[Stored items from a collection]

━━━━━━━━━━

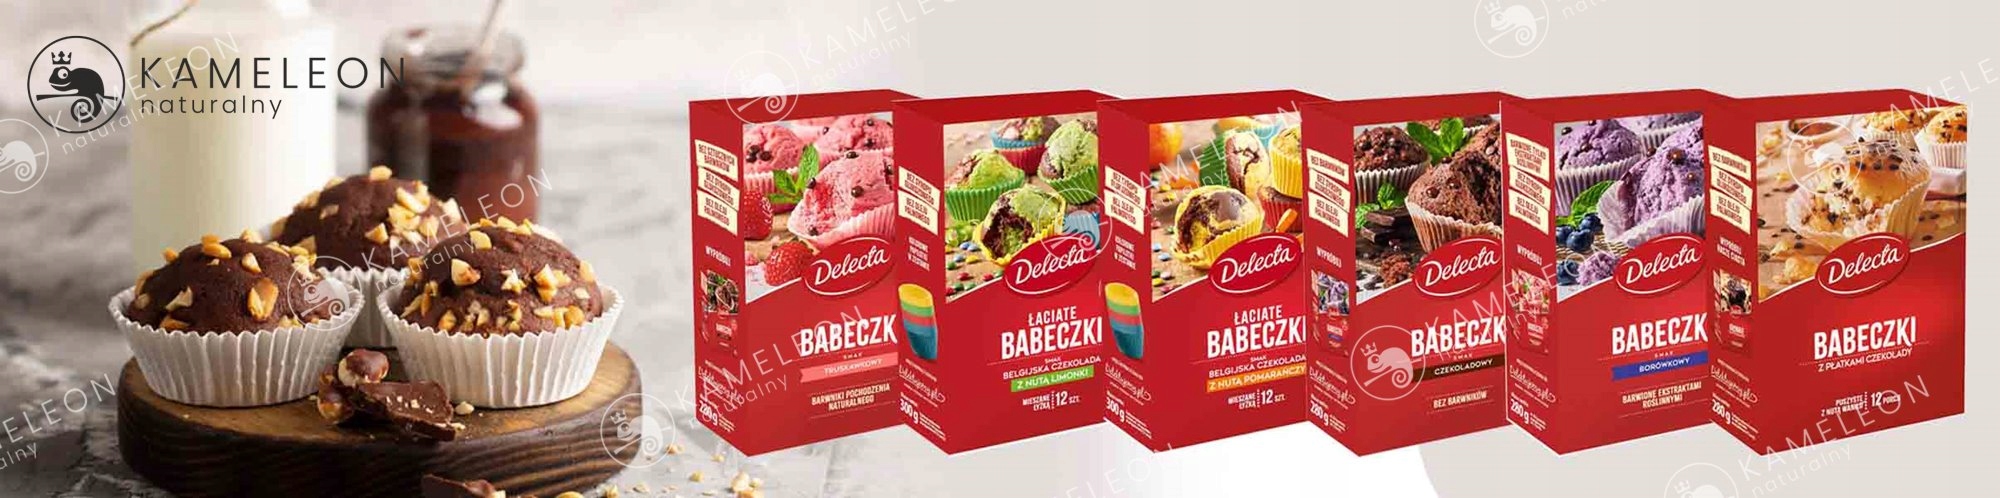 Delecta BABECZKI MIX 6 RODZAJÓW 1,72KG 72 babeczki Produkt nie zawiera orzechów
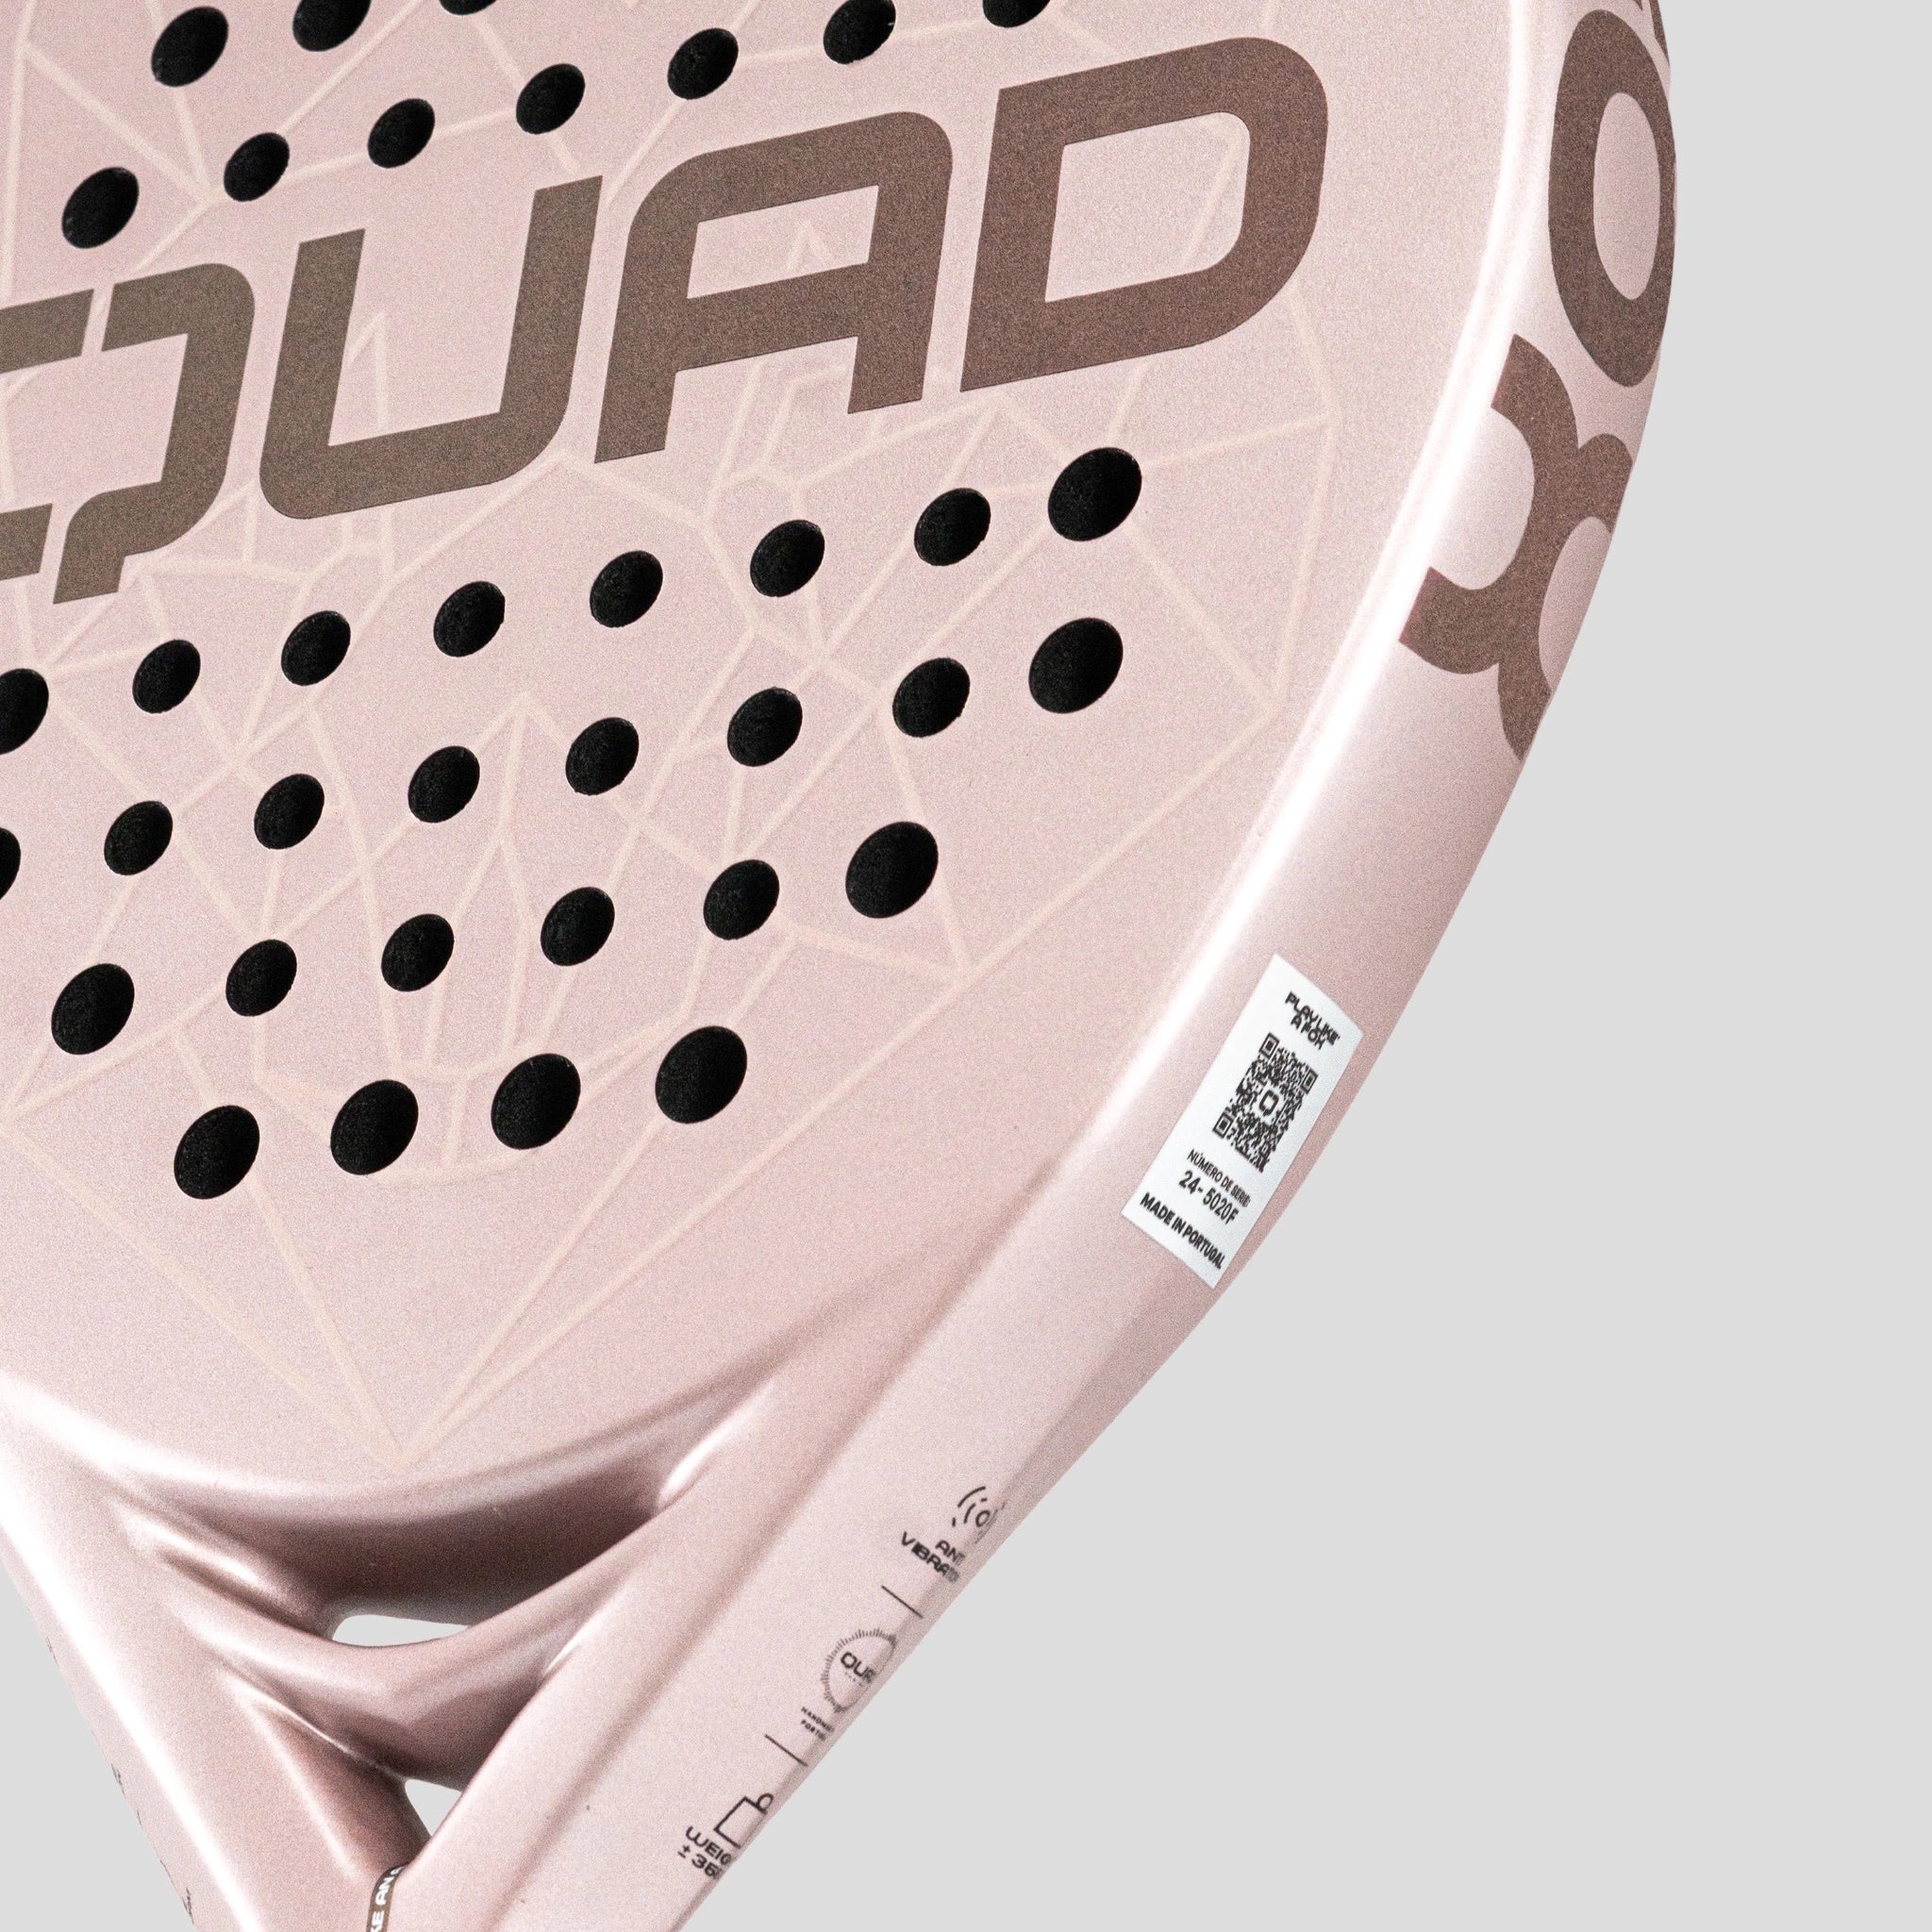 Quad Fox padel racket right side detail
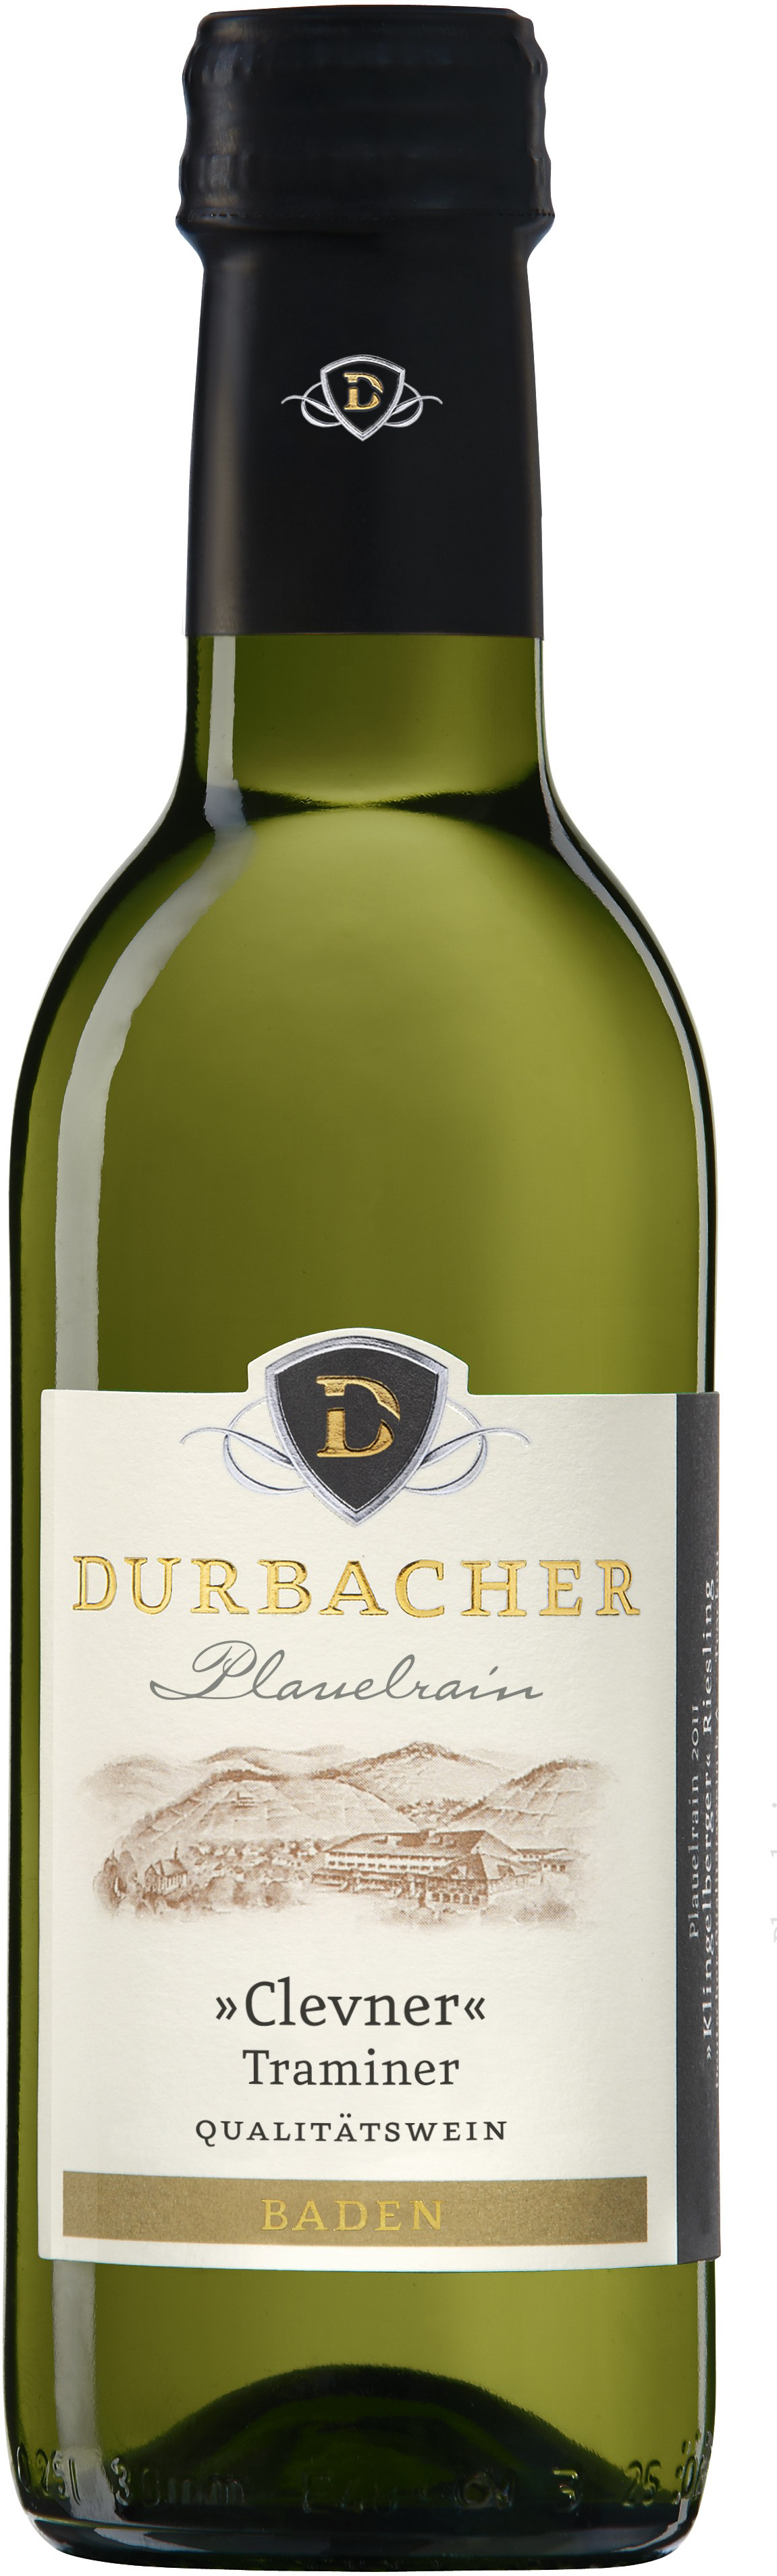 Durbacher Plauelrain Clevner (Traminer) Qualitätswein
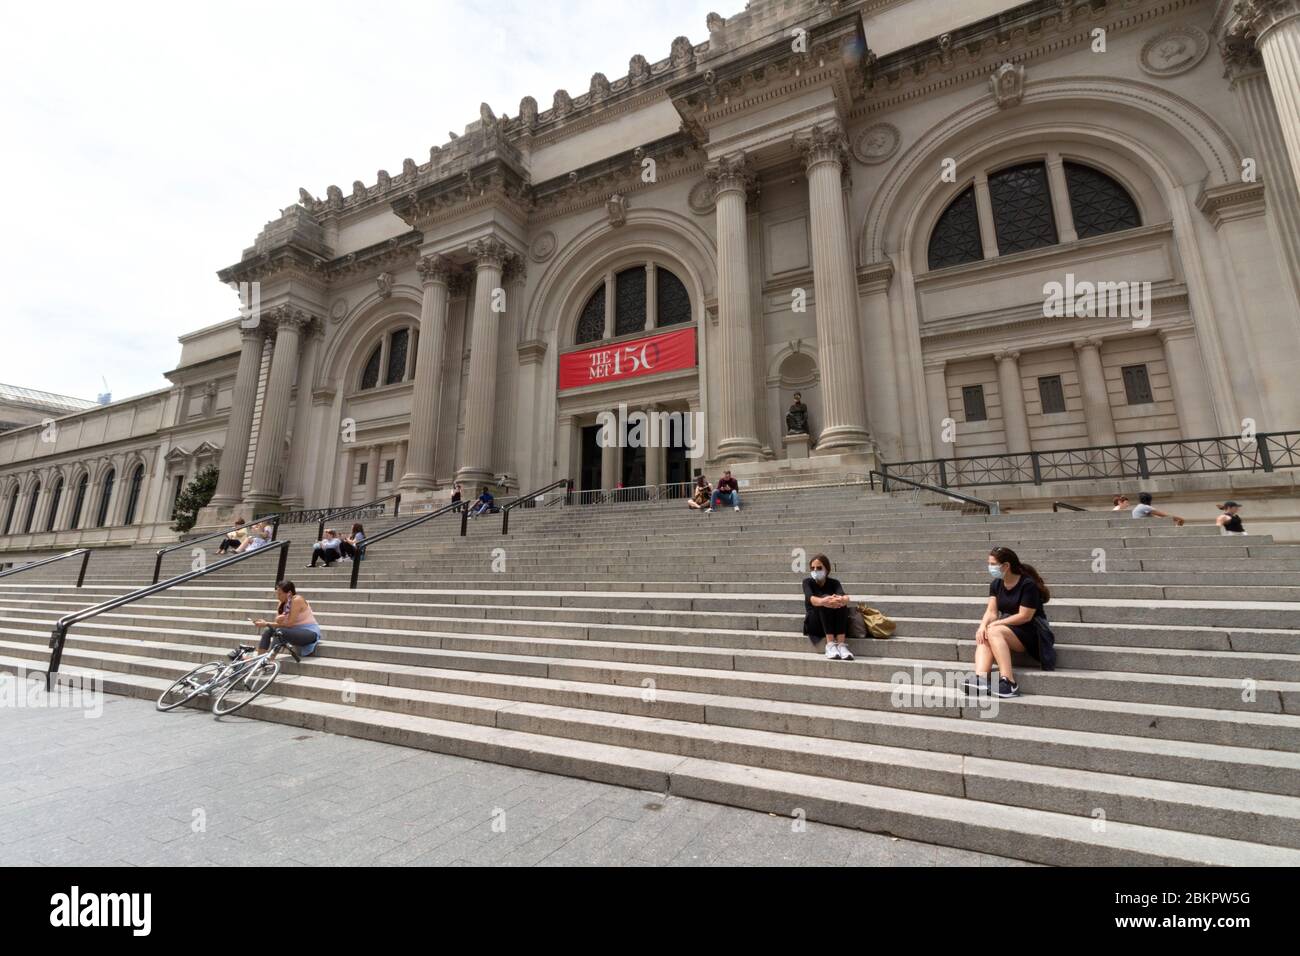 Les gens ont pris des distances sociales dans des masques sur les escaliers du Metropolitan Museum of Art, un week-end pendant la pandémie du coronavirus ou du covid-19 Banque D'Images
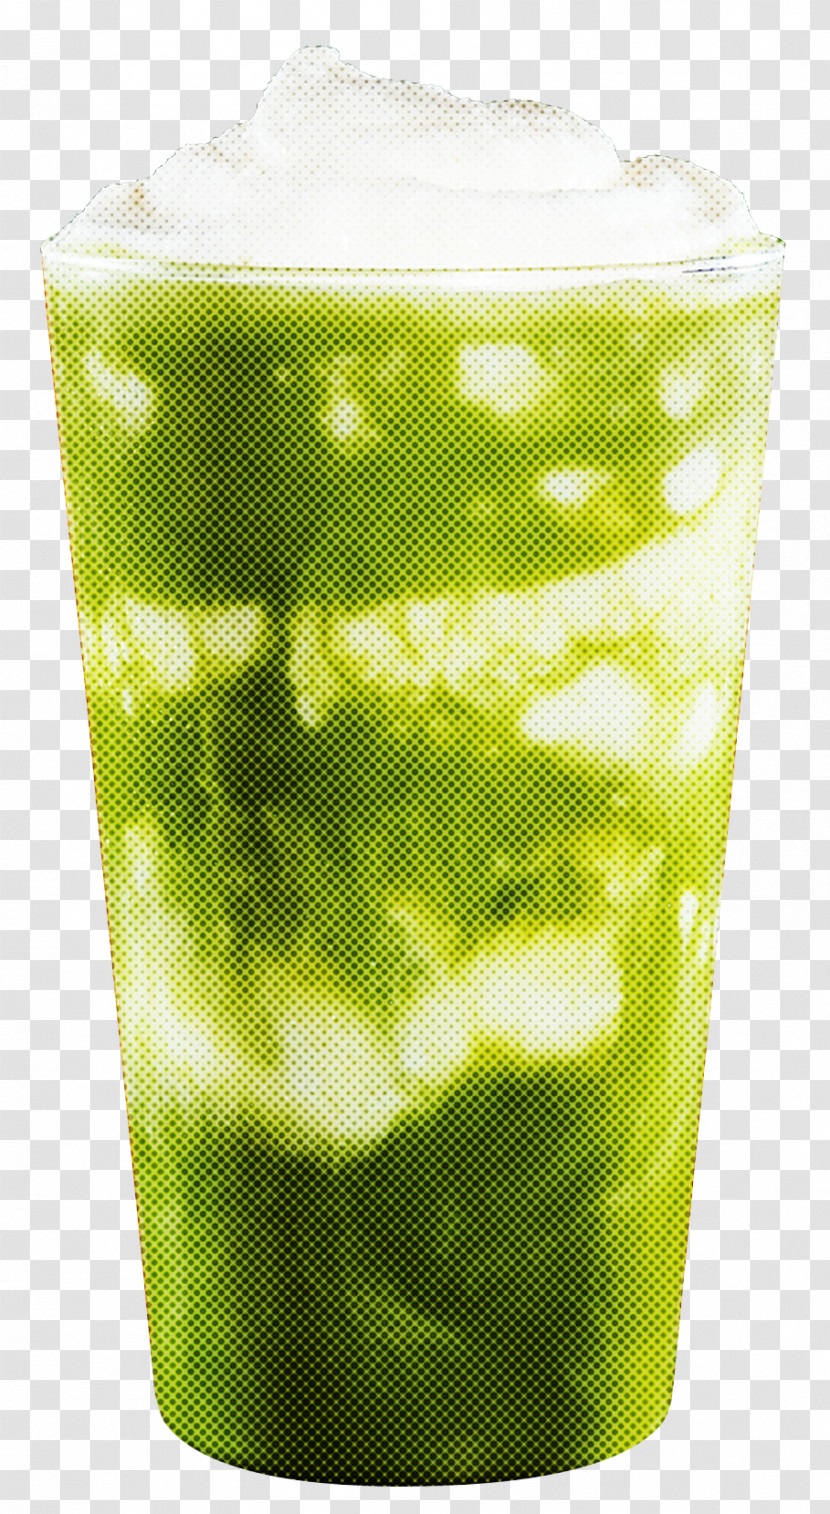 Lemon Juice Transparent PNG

━━━━━━━━━━

**DIRECTIONS FOR THIS TASK**
Output the records above verbatim. Pictures stay out.

**RESPONSE AREA**
 Delecta BABECZKI MIX 6 RODZAJÓW 1,72KG 72 babeczki Produkt nie zawiera orzechów
 Quad Fox padel racket right side detail
 Durbacher Plauelrain Clevner (Traminer) Qualitätswein
 Les gens ont pris des distances sociales dans des masques sur les escaliers du Metropolitan Museum of Art, un week-end pendant la pandémie du coronavirus ou du covid-19 Banque D'Images
 Lemon Juice Transparent PNG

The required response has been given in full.